The last exercise in the team-building assessment is very personal, so much so that Walker refrains from telling participants about it until the very end to save them the anxiety of thinking about it.  Employees go around in a circle and each person tells them something they can continue to do to contribute to team success, and one thing they can stop doing.

“We all have something we can stop doing to be more effective,” Walker said. “They look at it as – and it’s really hard to get them to not look at it this way – ‘This is what you do well and this is what you do badly, or not well, or wrong.’ That is not what it’s about.”

Despite its intimidating nature, the exercise is often the most meaningful for clients, Walker said.

Overall, the team-building services help employees “gain a deeper understanding of themselves and a deeper understanding of the people they work with,” Walker said.

“It helps them to know how, if I really want to communicate effectively with this person, this is the way I can do it, because the way I naturally want to communicate is not the way they hear me,” she said. 

Together, companies also establish a thematic goal, the single most important thing they need to accomplish. They determine each department and each employee’s role in meeting that goal, which helps build a foundation for accountability.

“Whenever you let somebody get away with something, in your personal life, with relationships or at work, and you don’t tell them, ‘That wasn’t OK,'” she said, “That gives them permission to keep doing it. So this gives them permission to hold each other accountable for what they’ve committed to and what needs to be done.”

Finding her awesome

Looking back on where she started, Walker glowed in amazement, thinking of herself 20-some years ago, tirelessly seeking out a new career path.
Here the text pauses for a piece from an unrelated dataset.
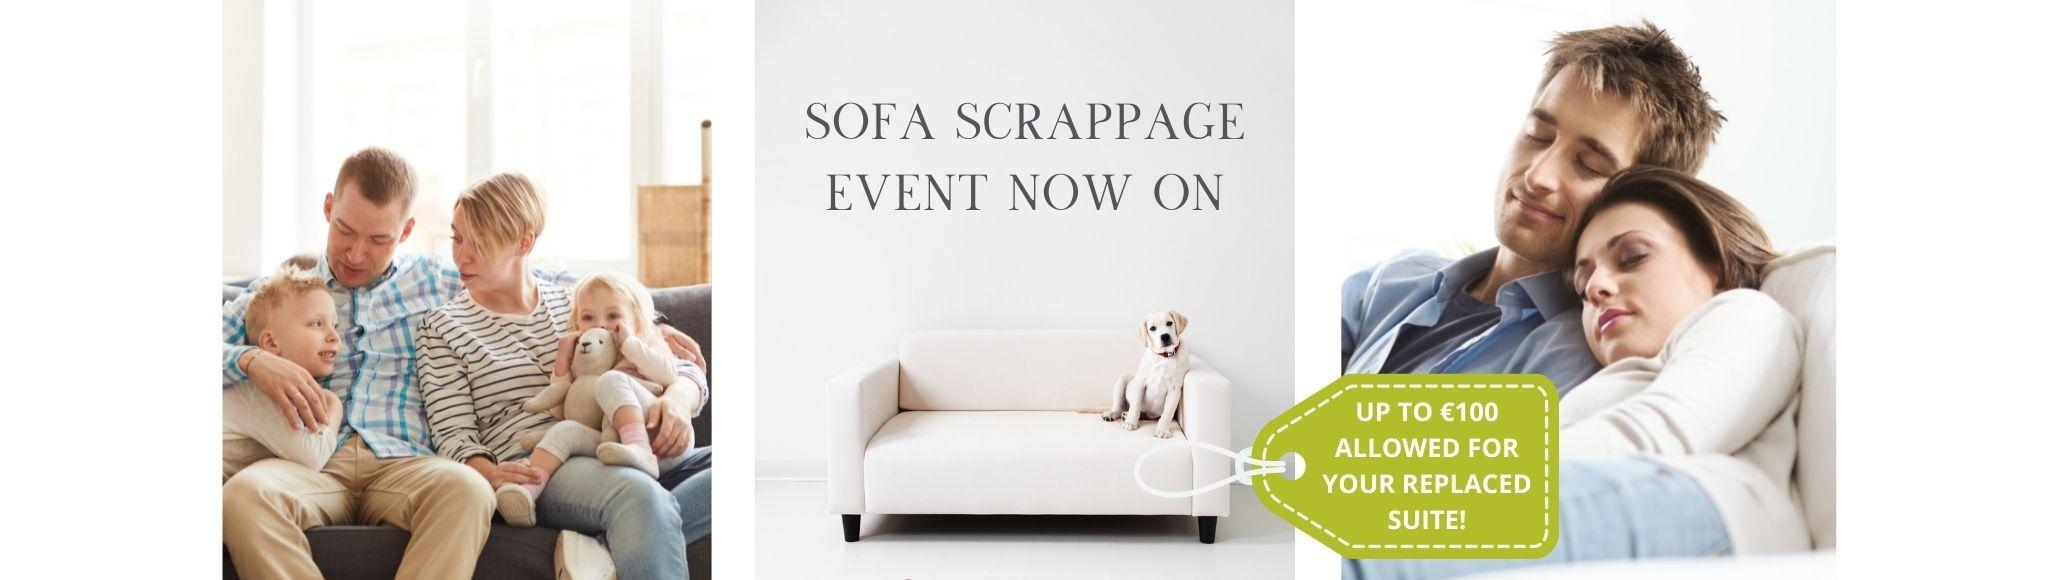 sofa scrappage event

She has owned her own business and even received an Athena Award from the Lancaster Chamber of Commerce and Industry. The award recognizes women for professional accomplishment and community involvement.

Walker has a few tips for women facing a career change:

  • Get a good therapist – “Change is stressful, and stress eventually makes us all sick,” she said. “It just depends on how well we handle it. Have a good therapist for that support to just bounce things off of.”
  • Have a support system – When Walker went through her divorce and career change, she relied on her sister and two best friends. “I could call them anytime of the day or night. And I did.”
  • Know who you are – “This is really important,” she said. “I didn’t know who I was. I made some assumptions that ended up being right, and I did it by looking back at what I enjoyed. What really got me excited, and what did I not like doing? It helps to understand who you are and what’s going to be meaningful to you.”
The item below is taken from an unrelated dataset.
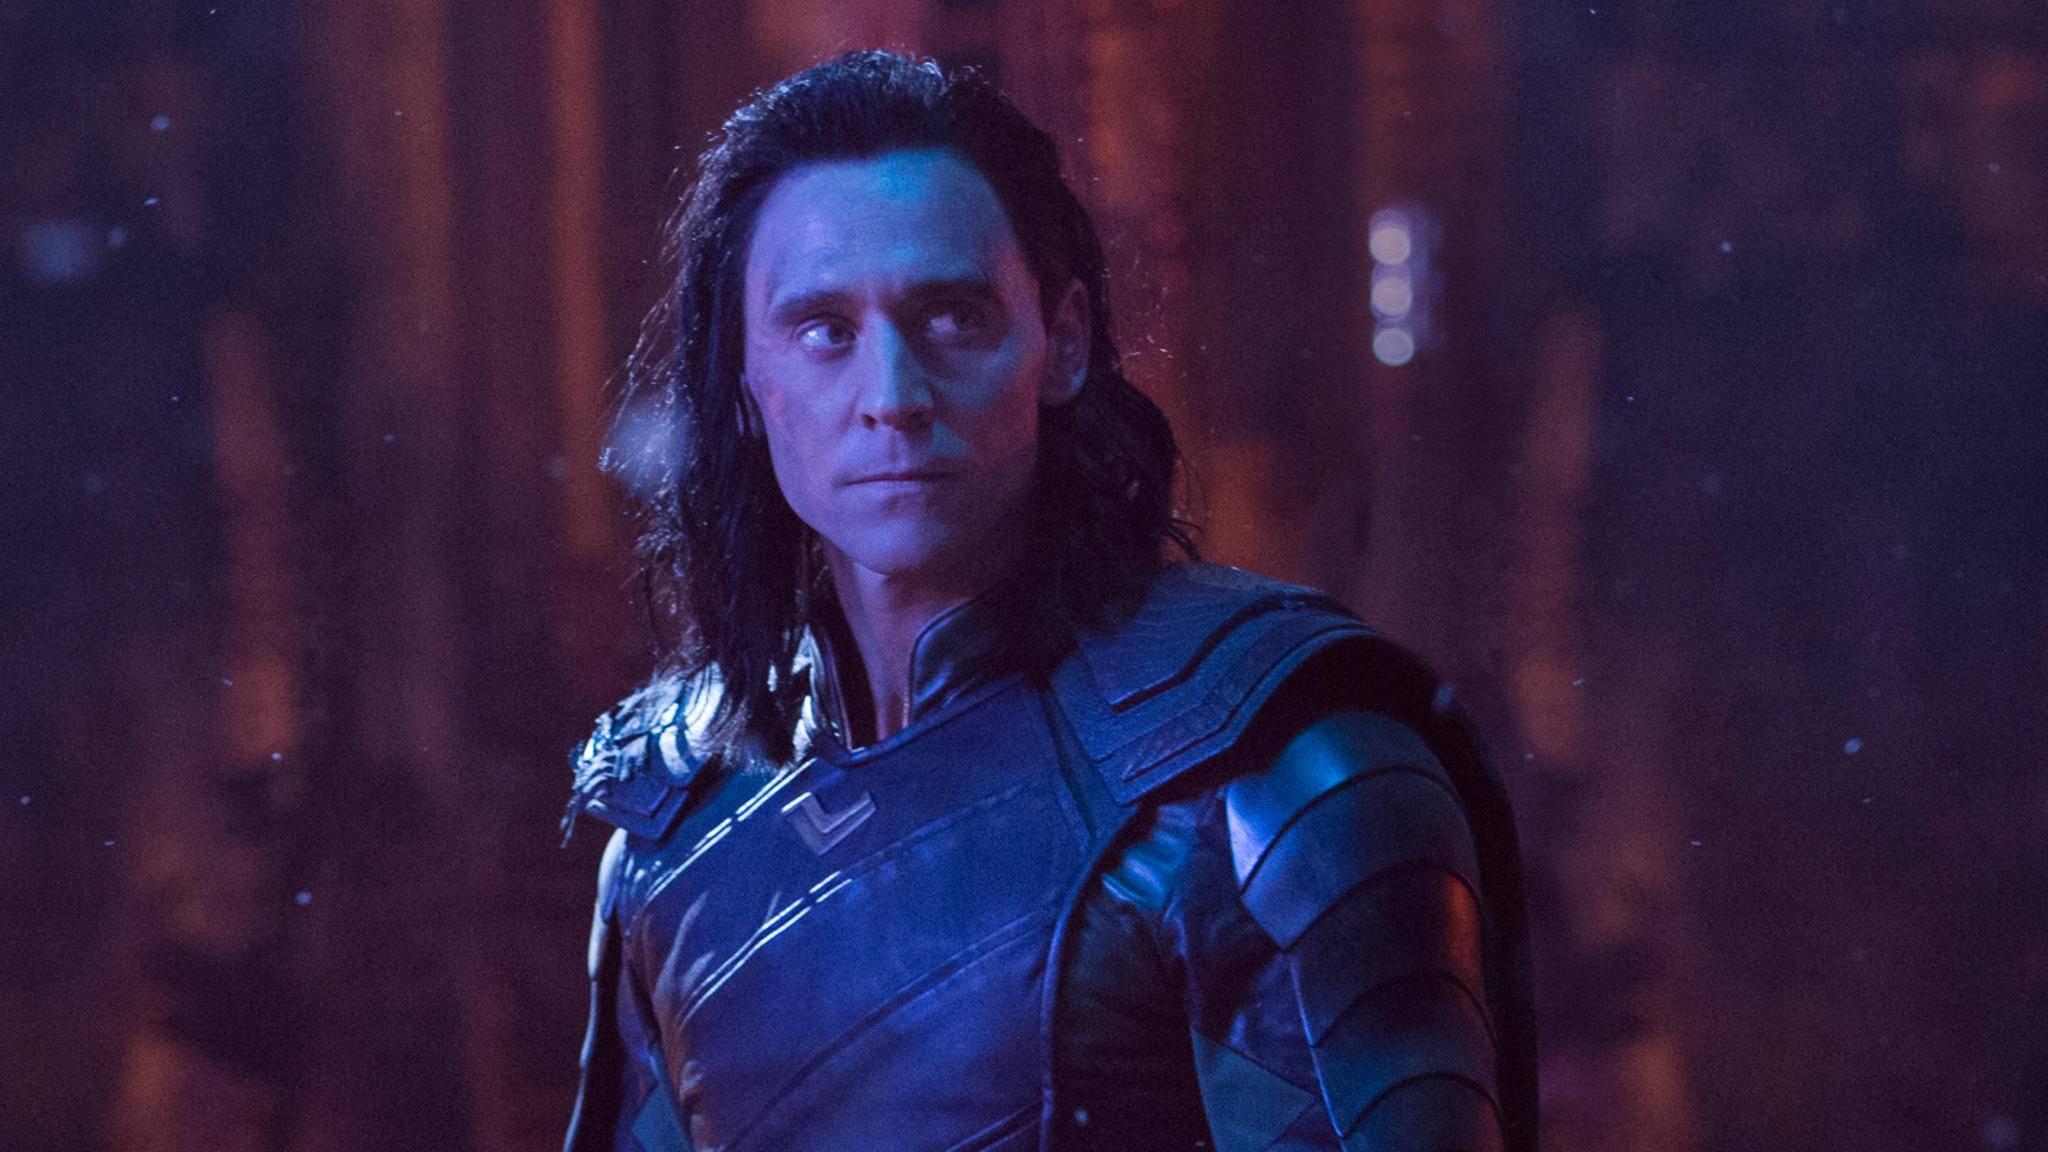 Sechs Folgen Loki pur! Das verspricht die kommende Miniserie auf Disney+.

Among the meaningful experiences Walker has had, she worked with an organization called New Choices, a career-development program in Lancaster for women in transition. The two-week workshop includes sessions on self-care, finance, communication and other topics that guide women to improve their lives.
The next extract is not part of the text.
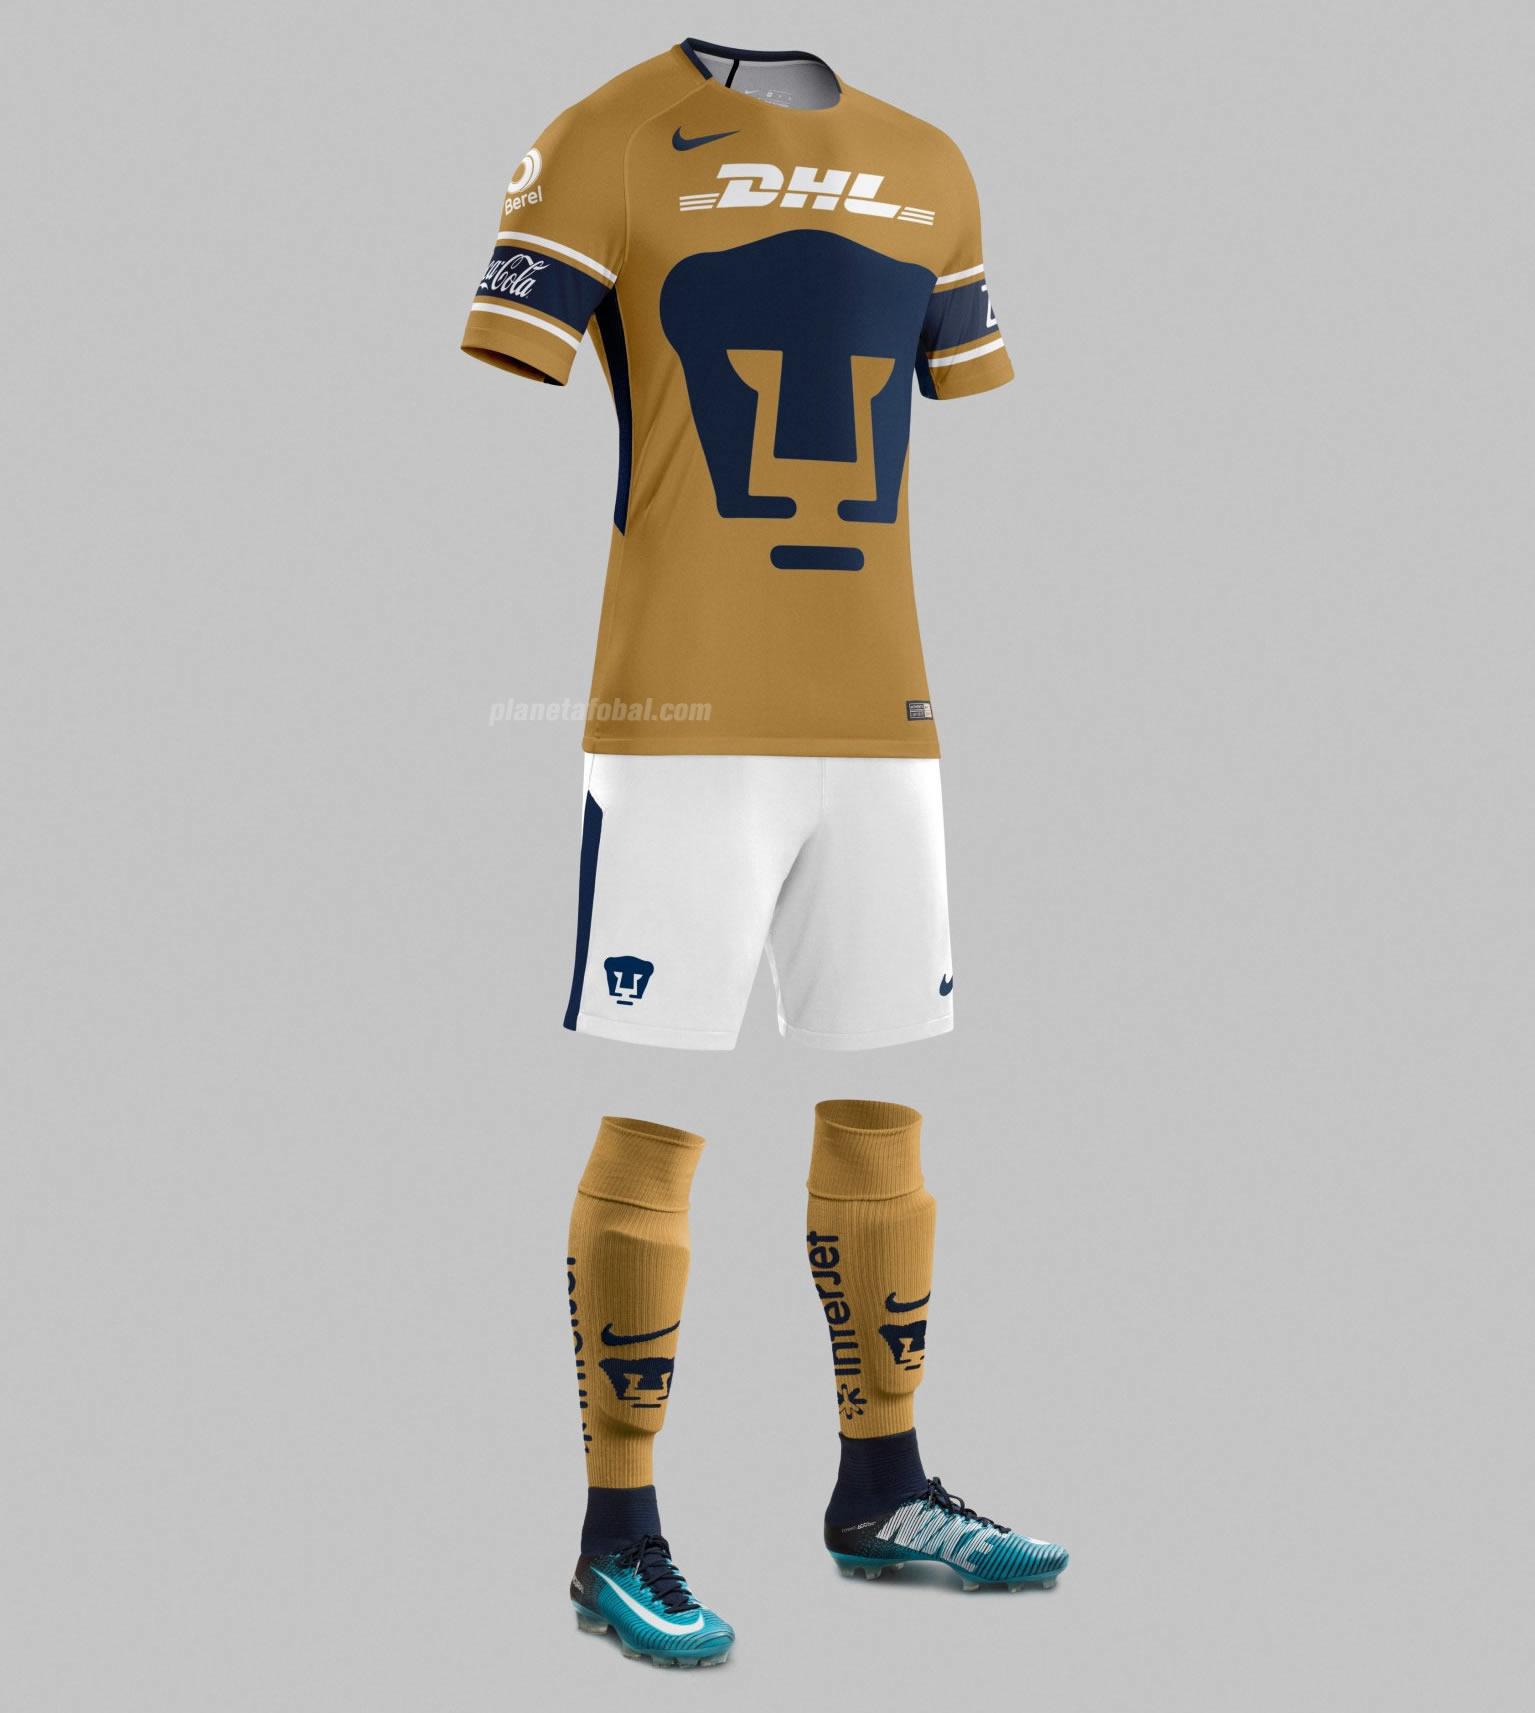 Tercera camiseta de los Pumas de la UNAM | Foto Nike

“It helps them to find their voice when they haven’t had one,” Walker said. “And that’s literal. I remember one of our students, I literally could not hear her, and by the end of the program, she was standing up confidently saying, ‘This is who I am. This is where I’m going. This is what I’m doing.'”

As the student read from a list of personal strengths she compiled during the program, she exclaimed, “Ah! I’m awesome.”

For Walker, that’s what it’s all about.

Helping others discover their awesomeness is how Walker has found hers. When she was a Mary Kay consultant in her 30s, the gratification she felt from showing women their beauty was a driving force for her. It excited her. It had meaning.

Through her work, Walker said she has learned, “There’s not a good part of me, and there’s not a bad part of me. There’s just me.”

“Some of me will be a real strength in some situations, and that same part of me will be a real challenge in other situations,” she said. “There isn’t a ‘This part is good, this part is bad.’ This part is me, and all of me is awesome.”

“You don’t have to be perfect,” she said. “You are awesome.”